Results of the ongoing treatment at the county’s school-based health centers will be measured later, once a clinical outcome tool is adopted and implemented. Fitzgerald says the partners at the school-based health clinics are also looking for a resilience screen that would be as easy to use, as effective, and as widely accepted as the 10-question ACE survey.
A year ago, some Deschutes County school-based clinicians attended a workshop where Jim Sporleder gave the keynote presentation called “Catching Kids Before They Fall”. Sporleder implemented trauma-informed and resilience-building practices based on ACEs science when he was principal of Lincoln High School. The school became the focus of the documentary, Paper Tigers, directed by James Redford.
As the Paper Tigers documentary is being shown in schools around Deschutes County, it’s clear that the demand for clinicians and school-based health centers greatly exceeds the county’s resources.
“A high percentage of students seen by our medical providers are revealing behavioral health needs during their medical visits. We do not have the capacity to meet all of the need we are seeing,” says Fitzgerald.
One way to meet the capacity is to expand the knowledge about ACEs science and trauma-informed practices. Other schools in the district are introducing trauma-informed training, awareness, and practices into their schools and clinics. These include LaPine elementary, middle and high schools, in addition to the LaPine Community Clinic.
“Our LaPine-Gilchrist clinician has participated in the trauma-informed training with her site team partners,” says Fitzgerald. “This is important because what we have learned form Lincoln High is that trauma-informed implementation is often an organic process.”
“When a team trains together,” she adds, “they create a team and service-practice culture reflective of the specific and unique population they serve. We are fortunate enough to see these trauma-informed team cultures growing at each of our sites.”

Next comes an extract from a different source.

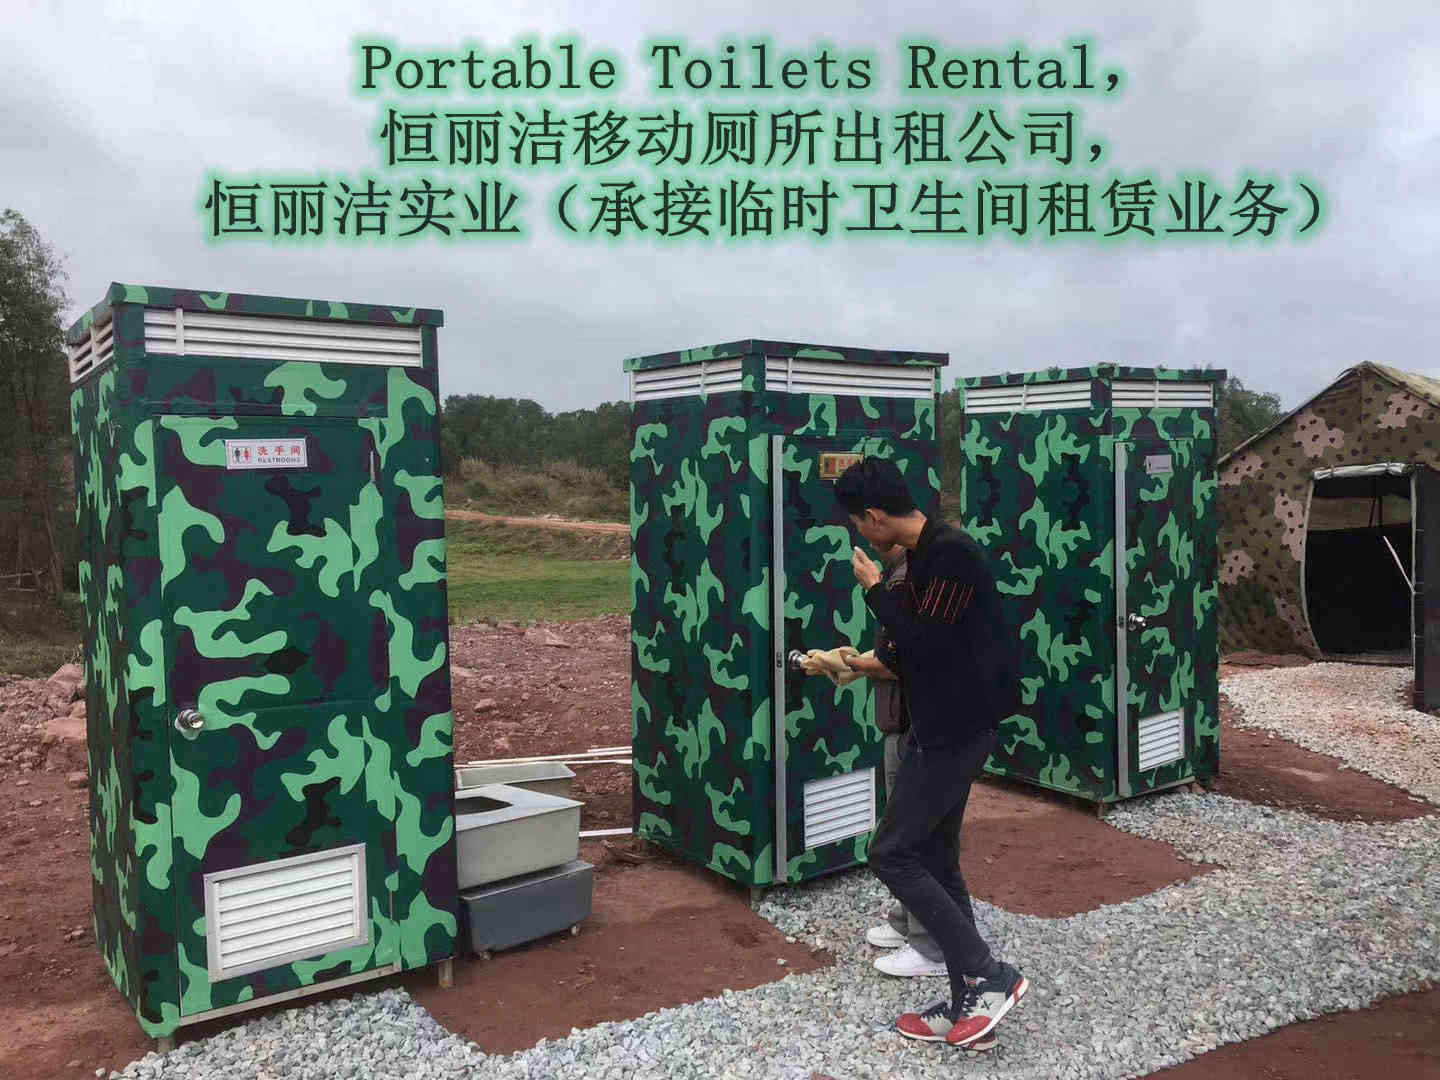 惠州活动卫生间出租移动厕所租赁

Recently, a landmark trauma-informed education bill to address school absenteeism passed the Oregon legislature and was signed by the governor. The bill will direct two state agencies to develop a statewide plan to address the absentee problem in schools. It also provides a limited amount of funding -- $500,000 – to develop trauma-informed approaches in schools.
A trauma-informed school not only realizes and recognizes the role of childhood trauma in school attendance and performance, it also responds by integrating knowledge about trauma and resilience practices into its policies and programs, and trains teachers and staff to develop resiliency in students.
Deschutes County Health Services are already two years ahead of the legislative mandate equivalent for health services, thanks to the guidance of Fitzgerald. With support from program management and leadership in the county’s health services department, as well as direct support and consultation from Trauma-Informed Oregon, the Deschutes County Trauma-Informed Care workgroup was formed. As a result, Deschutes County is preparing all health services providers to meet the implementation of the Oregon Administrative Rule for trauma-informed services.
Specifically, the statewide rule issued by the Oregon Health Authority defines trauma-informed services as “services that are reflective of the consideration and evaluation of the role that trauma plays in the lives of people seeking mental health and addictions services, including recognition of the traumatic effect of misdiagnosis and coercive treatment. Services are responsive to the vulnerabilities of trauma survivors and are delivered in a way that avoids inadvertent re-traumatization and facilitates individual direction of services.”